Taxation Information – Know the Basics

Taxation is a very complex issue, Revenue has produced a guide called A Revenue Guide to Rental Income which can be viewed here

Is rental income liable to tax?

Residential property investment is a business, and like any business is liable to taxes. As a landlord you must file a tax return even if you only have one property and make a loss. Many landlords make a loss but still end up paying tax due to the penal way rental income is treated for tax purposes.

How is the tax on rental income calculated?

Rental Income is taxable under the Irish tax system. For most cases of rental income, the amount taxable can be calculated as follows:

Gross Rental Income less Allowable Expense less Capital Allowances = Taxable Rental Income.

What expenses can I offset against tax?

Allowable Expenses

Certain expenses incurred may be used to reduce the income tax liability on rental income, these include:

  • Qualifying mortgage interest (currently 80%)
  • Management fees
  • Advertising expenses
  • Estate agent fees
  • Insurance premiums
  • RTB tenancy registration fee
  • Legal fees for drawing up leases
  • Mortgage protection policy premium
  • Accountants fees for preparing rental accounts
  • Refuse and other service charges – if paid by the landlord
  • Cost of repairs and maintenance – this covers repairs and general maintenance of a property, however it is not possible to claim for your own time, for example, cutting the grass
  • Wear and Tear

What expenses cannot be claimed for?

  • Pre-letting expenses i.e. expenses incurred prior to the date on which the premises was first let apart from auctioneers letting fees, advertising fees and legal expenses incurred on first lettings.
  • Post letting expenses i.e. expenses incurred after the period of the last letting are not allowable
  • Expenses incurred in the letting of premises on an uneconomic basis are not deductible.

Expenses incurred in the period between lettings are deductible provided the landlord was not in occupation of the premises during the period and a new lease is granted.

Source: Revenue

How is tax on rental income paid?

Profit on rent is taxed on an actual tax year basis.
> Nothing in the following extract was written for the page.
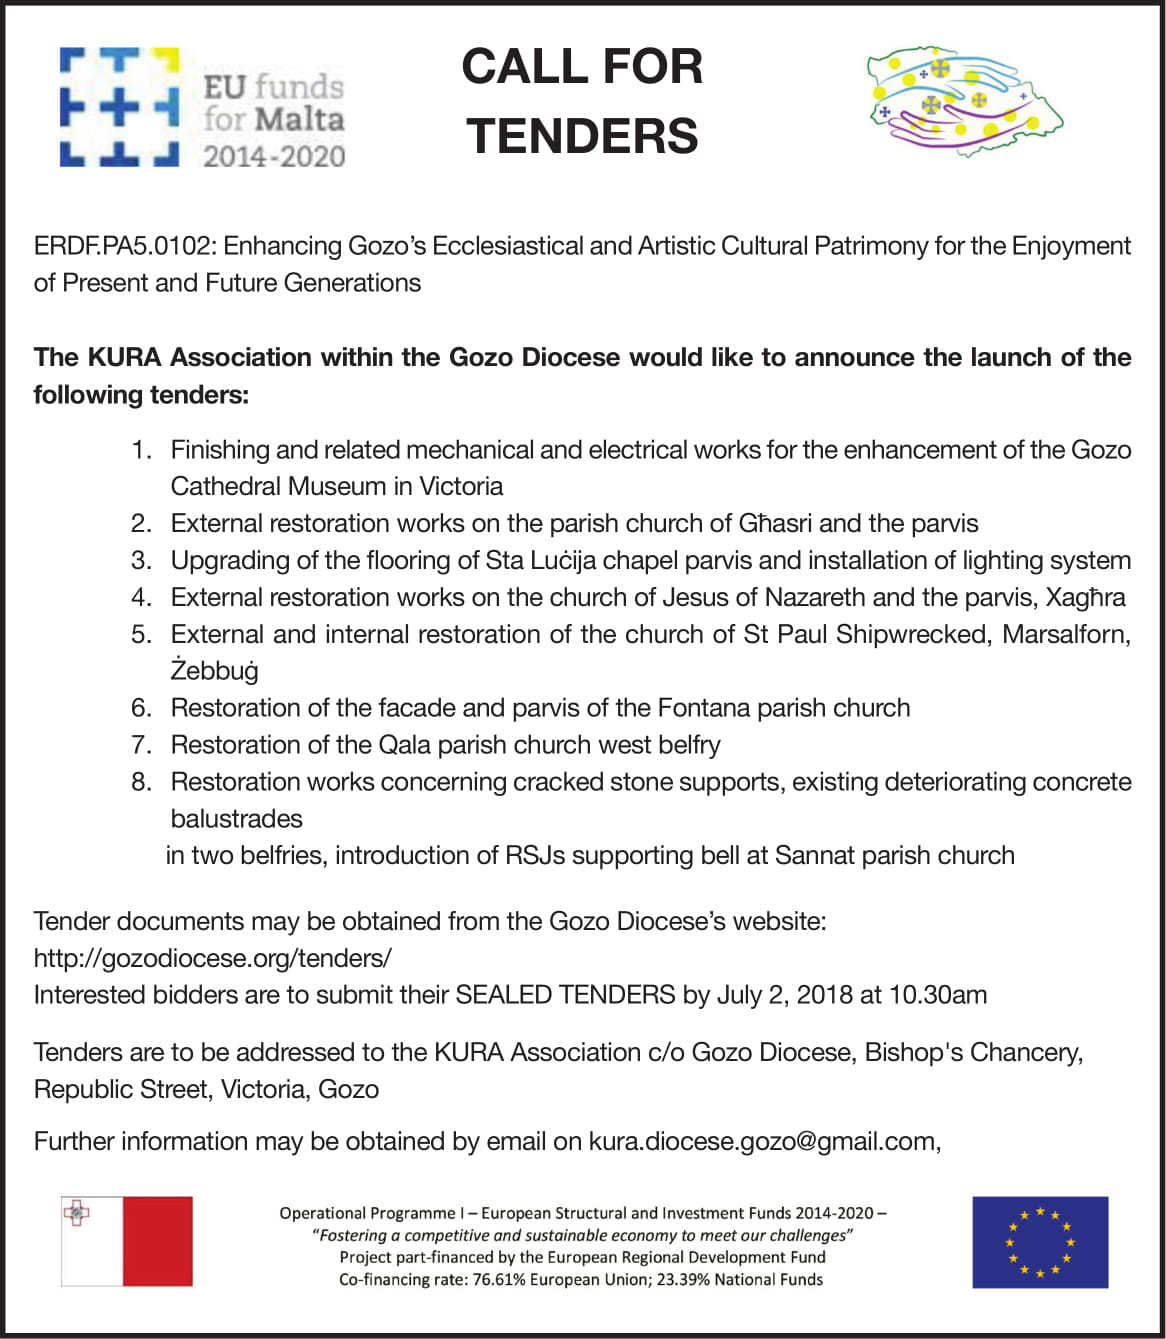 kura-association-tenders-advert.jpg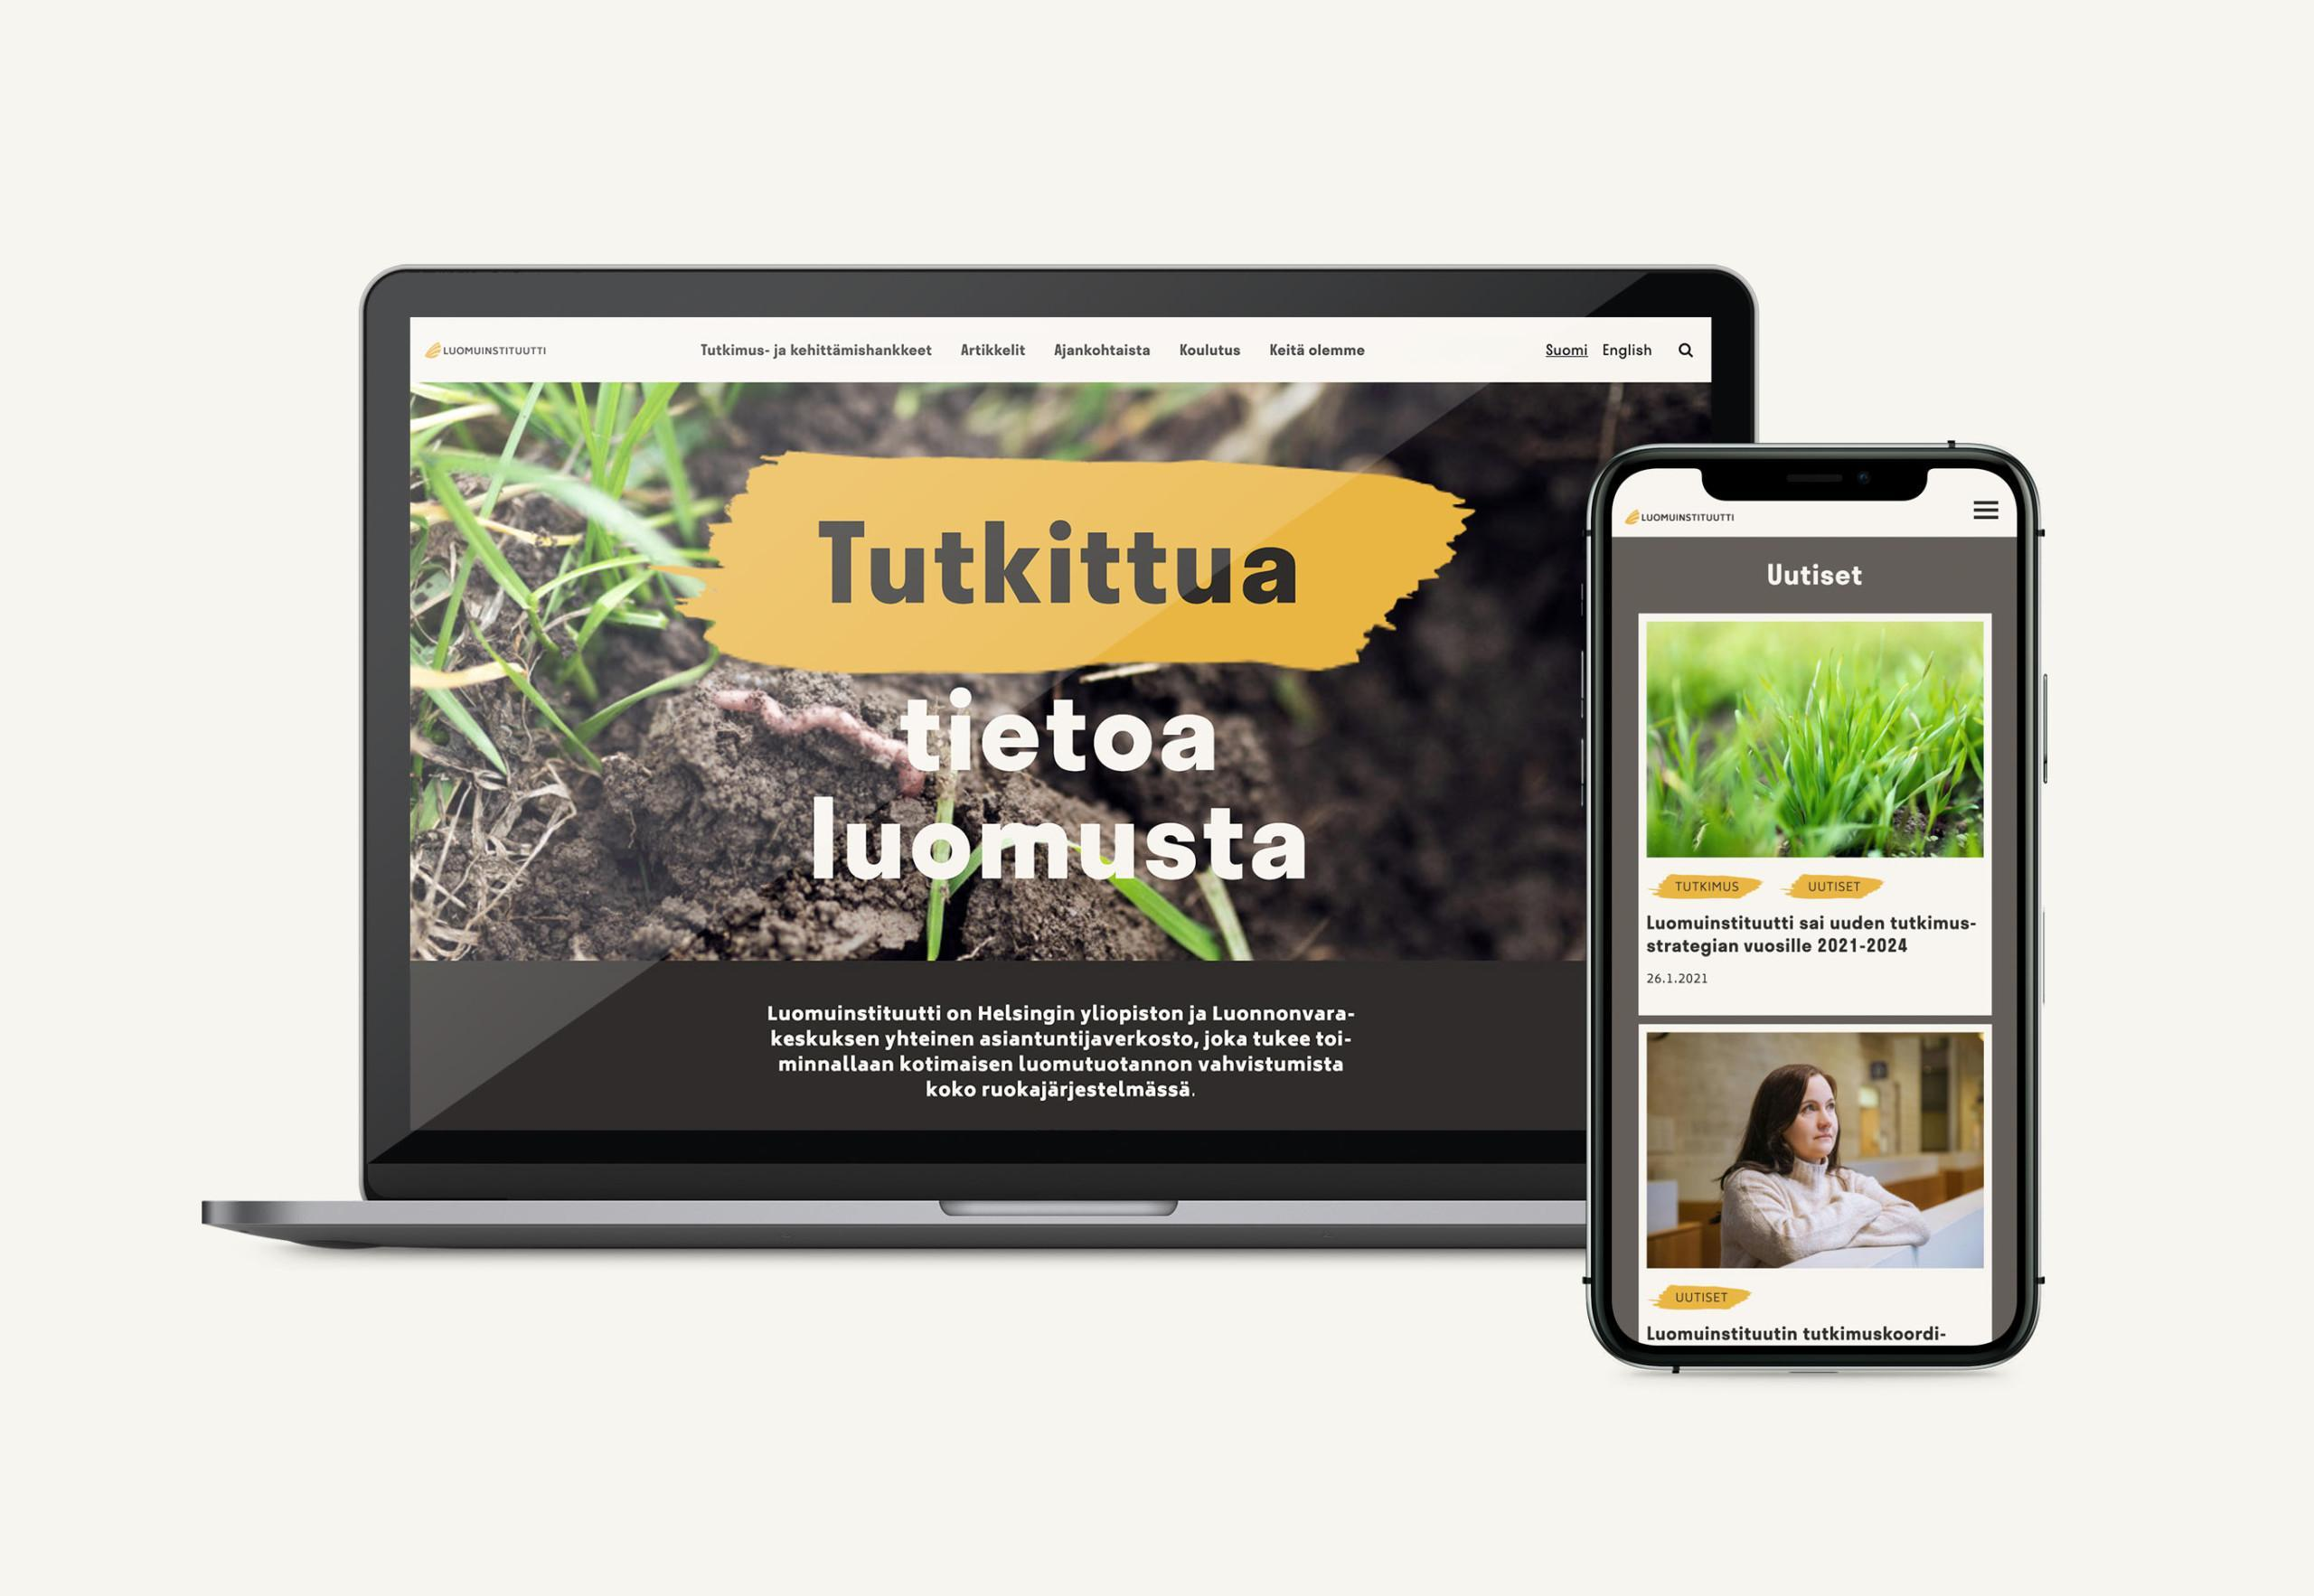 luomuinstituutti.fi

Individuals taxed under the PAYE system who have rental profits must make a tax return under the Self Assessment system. Your accountant can complete this tax return for you.

What records must be kept for tax purposes?

You must keep full and accurate records of your lettings from the start. You need to do this whether you send in a simple summary of your profit/ loss, prepare the accounts yourself or have an accountant do it for you. All supporting records such as invoices, bank statements, cheque stubs, receipts etc should be retained. You must keep your records for six years unless your revenue office advises you otherwise.

Source: revenue

When must the tax return be made?

The return must be made by October 31st of the following year. For example a tax return for rent received in 2016 must be made by 31st October 2017

How can I reduce my costs?

Residential property investment is a business activity and like any business, costs should be tightly controlled and reduced where possible. A landlord can cut costs and improve the financial return on his investment by focusing on the following:

  • Maintenance
  • Get the best mortgage deal
  • Insurance
  • Avoid rental voids

Review your mortgage and insurance costs at least once a year to ensure you are getting the best available rates.

How are non resident landlords taxed?

On receipt of the annual tax return, profit from rent i.e. rent received less allowable expenses will be assessed. The landlord is entitled to claim relief for expense, which are usually allowed in arriving at the rental profit. The landlord is also entitled to a credit for the tax deducted by the tenant. Form R185 should be submitted by the landlord with the tax return to obtain credit for the tax retained.

What is the rate of capital gains tax?

Profits from the sale of an investment property are liable to capital gains tax at a rate of 33%. The chargeable gain is calculated by deducting any allowable expenditure form the amount realised on the disposal (sale).

The allowable expenditure may include:

  • The cost of acquisition of the property and any costs of acquisition such as solicitors / auctioneers fees
  • Any costs incurred in improving the value of the property
  • Any costs of disposal such as solicitors / auctioneers fees

Expenditure on the costs of acquisition and improvement may be adjusted to take account of inflation. Where a disposal is made on or after 1st Jan 2003, the indexation relief will only apply for the period of ownership of the asset up to 31st Dec 2002. No relief is due if the period of ownership is less than 12 months.

Consult your accountant for more details.


If landlords and tenants are to have reasonable rents, good quality property, and an adequate supply, the Government need to sort out the tax treatment of the private rental sector to encourage more investment in it. Approximately 20% of all housing is in the rental market.

Please lobby your public representatives (TDs, Senators and Councillors) for fair treatment.